The chemistry powering Aquion's sodium-water battery was developed by Dr. Jay Whitacre at Carnegie Mellon University, where he is an assistant professor. The batteries are "very simple conceptually - they're carbon, sodium and salt water," Pearson said. "They require no maintenance over time and they're safe. You wouldn't like the taste but you could eat one. You wouldn't die."
Like other energy storage companies, Pearson sees opportunities for Aquion in wind and solar farms and microgrids. Utilities could also benefit from Aquion's batteries. "We can help balance out an intermittent supply," he said. "From the utility side it;s reacting to demand. If you have a spike in demand we can help."

"We're at a very interesting time in this company," Pearson said. "We have a proven battery and we are now in volume production in 2013. It's not a science experiment anymore — it's a vibrant solution."

Flow batteries are another promising battery technology. "They are rechargeable liquid batteries," said Primus Power CEO Tom Stepien, who helped start the Silicon Valley-based company in 2009. "Potential is stored as chemical energy, usually in one or two tanks. That energy is converted to electricity, as those chemicals are pumped through a reaction chamber a reversible chemical reaction takes place. The plates are zinc typically. When I first heard about flow batteries four years ago, I said, 'Really? Do they work?' The reality is it's just another way of storing electricity."

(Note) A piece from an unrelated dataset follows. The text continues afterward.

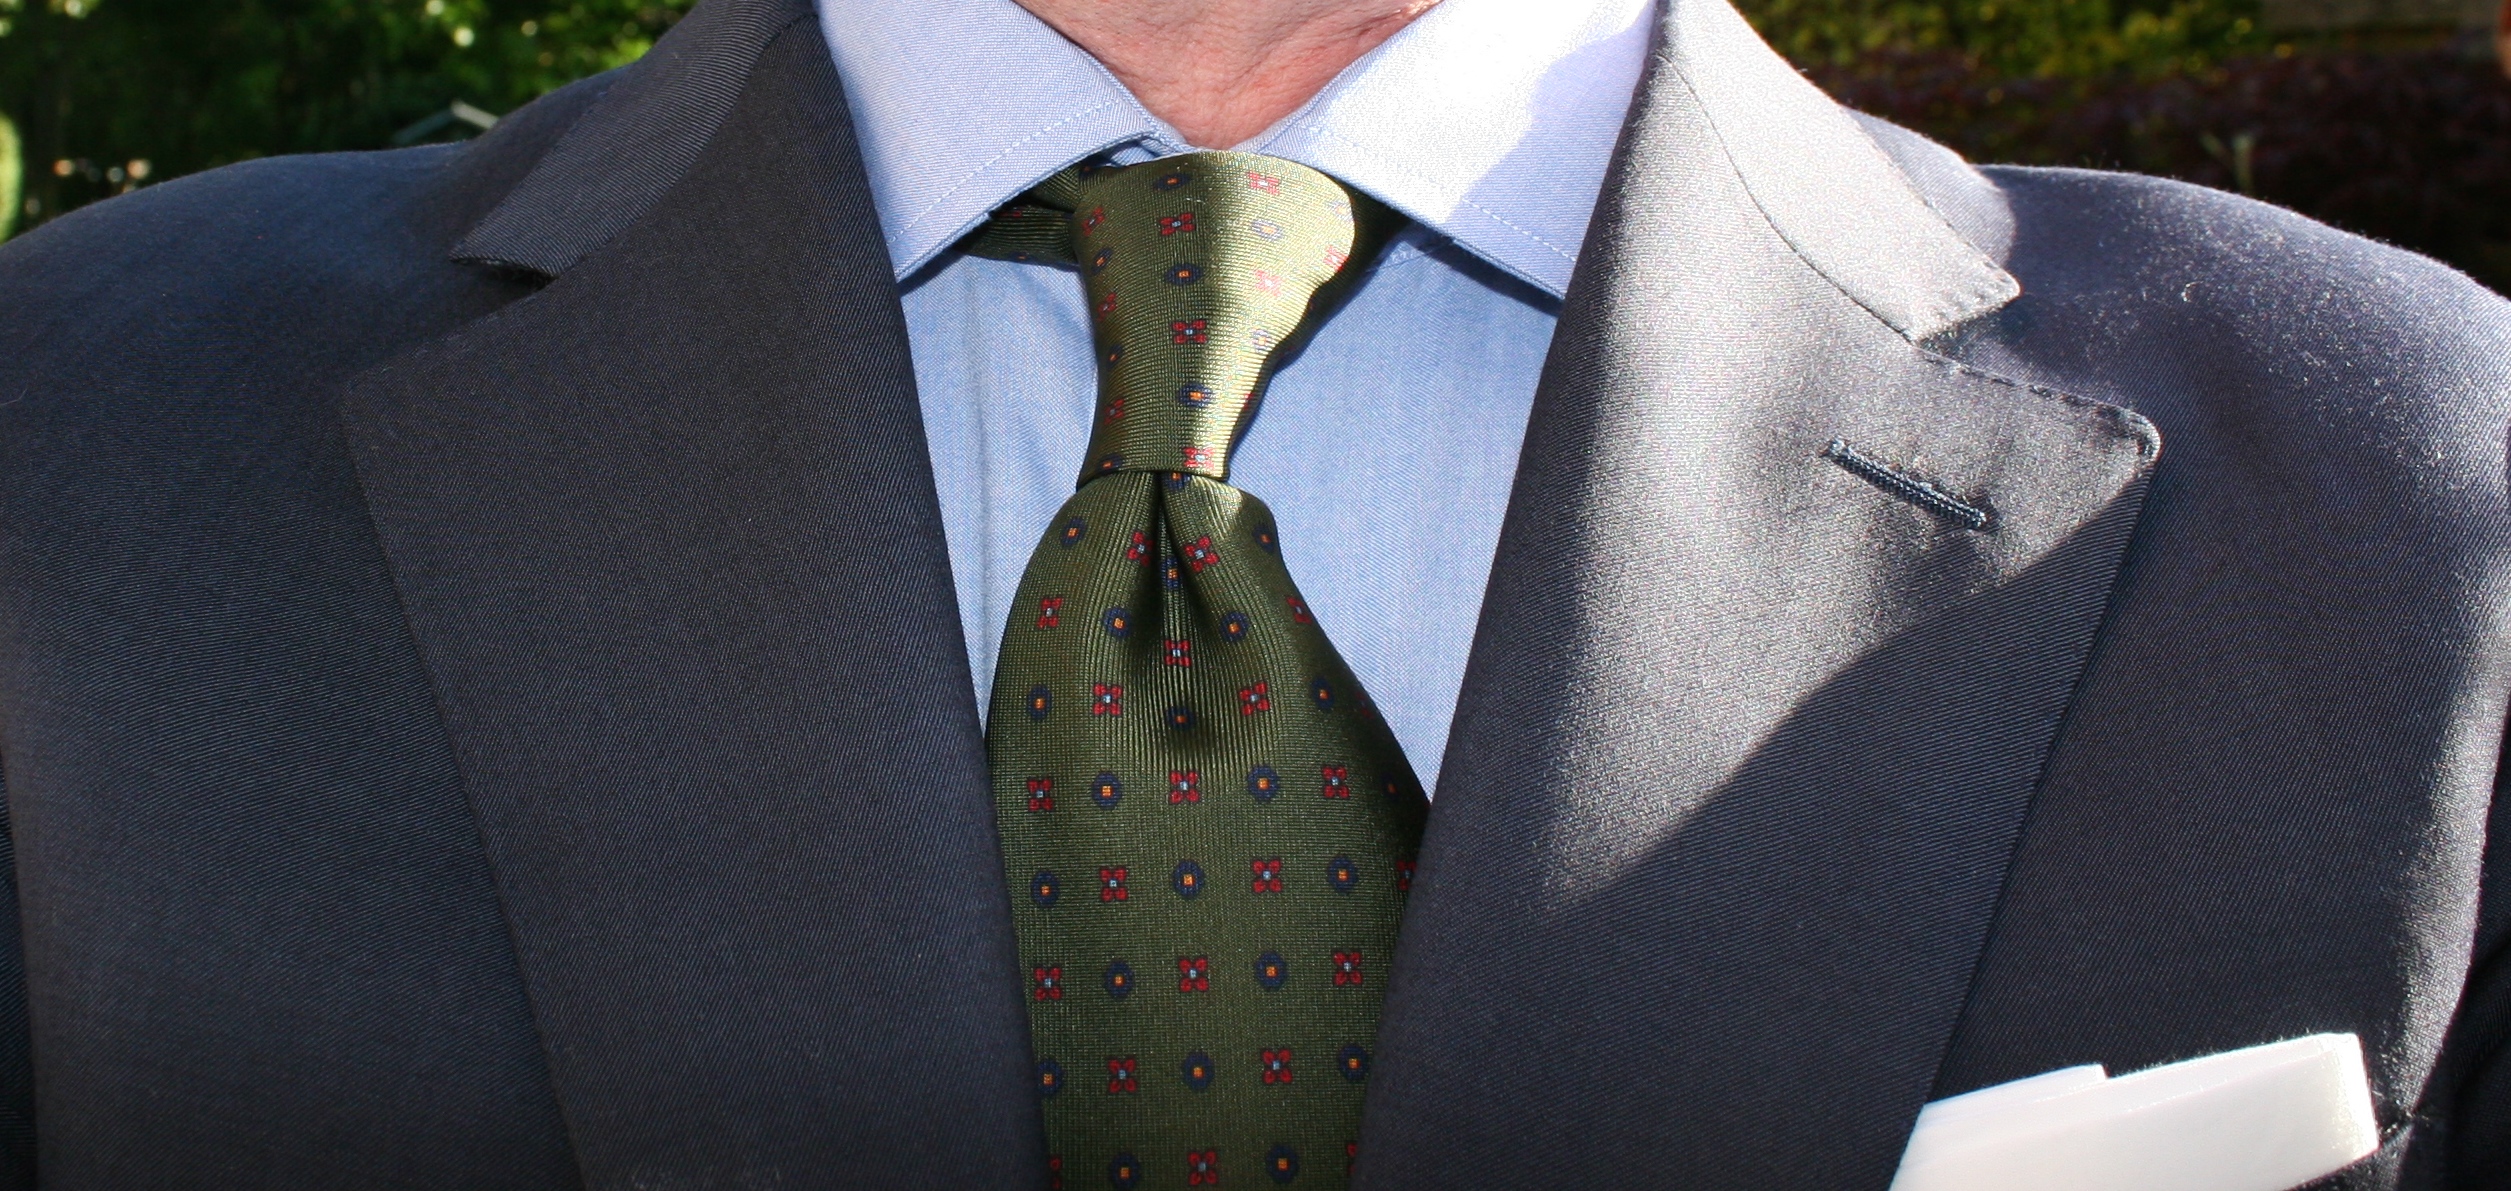 The Green Tie Appreciation Thread | Page 2 | Styleforum

The advantages of a flow battery over lithium ion and sodium sulfur batteries include a substantially lower cost per unit energy, long lifespan and safety (they don't run hot like sodium sulfur and lithium ion batteries), Stepien said.
They're also modular — the units are built and delivered in a shipping container, which means they're easy to transport and relocate. "Some batteries are like a custom home that takes six months to get up and running," Stepien said. "We have more of a mobile home approach rather than a custom home approach."

Coconut vs. Carbon
While countless companies are battling for a share of the renewable energy storage market, some firms are finding ways to improve the performance of the components that help store energy.
Seattle-based EnerG2 has patented its process of producing synthetic carbon for use in many storage applications, including ultracapacitors. Instead of burning and purifying the carbon from coconut husks, EnerG2 produces pure synthetic carbon at a plant in Albany, Oregon. Synthetic carbon holds many advantages over the "natural" carbon from coconut husks, said Aaron Feaver, the company's chief technology officer and co-founder.

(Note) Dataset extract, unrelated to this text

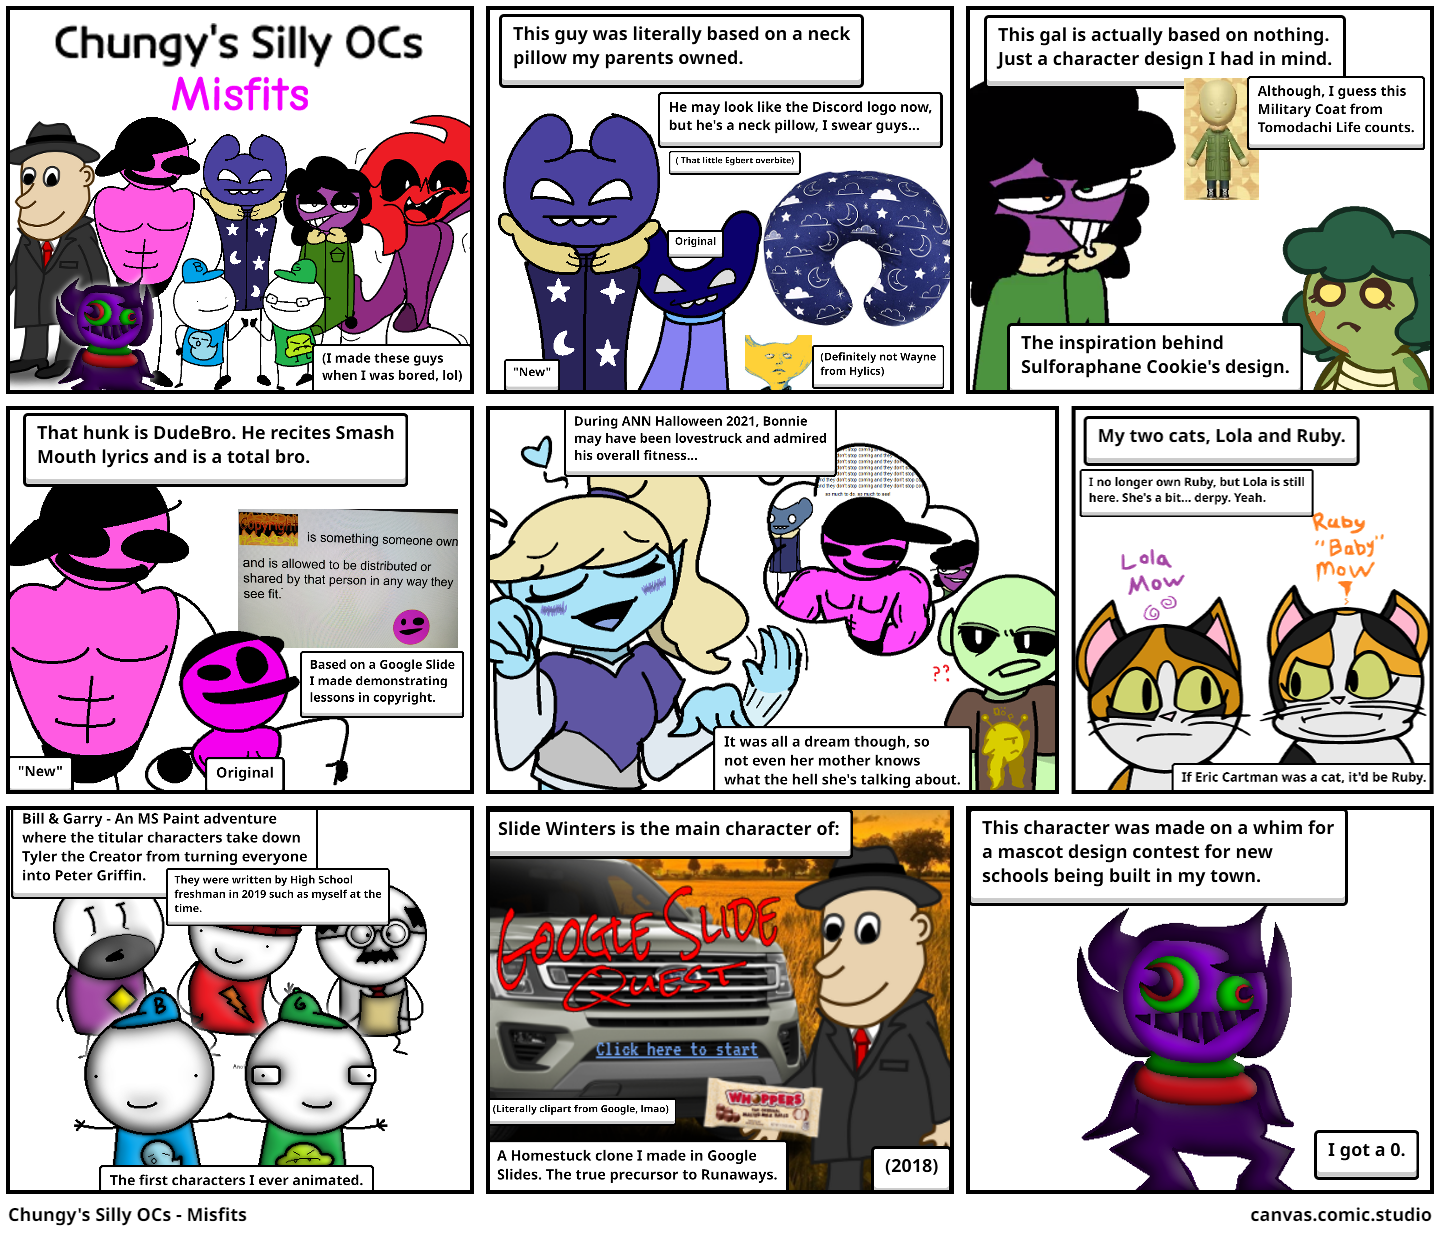 Chungy's Silly OCs - Misfits

"Coconut has substantial amounts of impurities which are retained in the carbon after processing," Feaver said. "One specific problem is its high iron content. Iron is a catalyst and when inserted into an energy storage device results in premature failure."
EnerG2's pure carbon "stores electrochemical energy at significantly higher rates than coconut carbons" which enables storage devices to run at higher voltages, resulting in a carbon "that can store up to 50% more energy than coconut carbons," Feaver explained.

Not content to merely improve the efficiency of renewable energy storage, EnerG2 has a much more ambitious goal: to make gasoline "no longer make sense."

"The next generation of energy storage improvements is already helping move us in this direction," Feaver said. "In the end, we believe that these up-and-coming innovations will almost certainly spell the demise of gasoline in our society. The effort must be collective and collaborative to end the reliance on gasoline and to improve the efficiency of our energy consumption."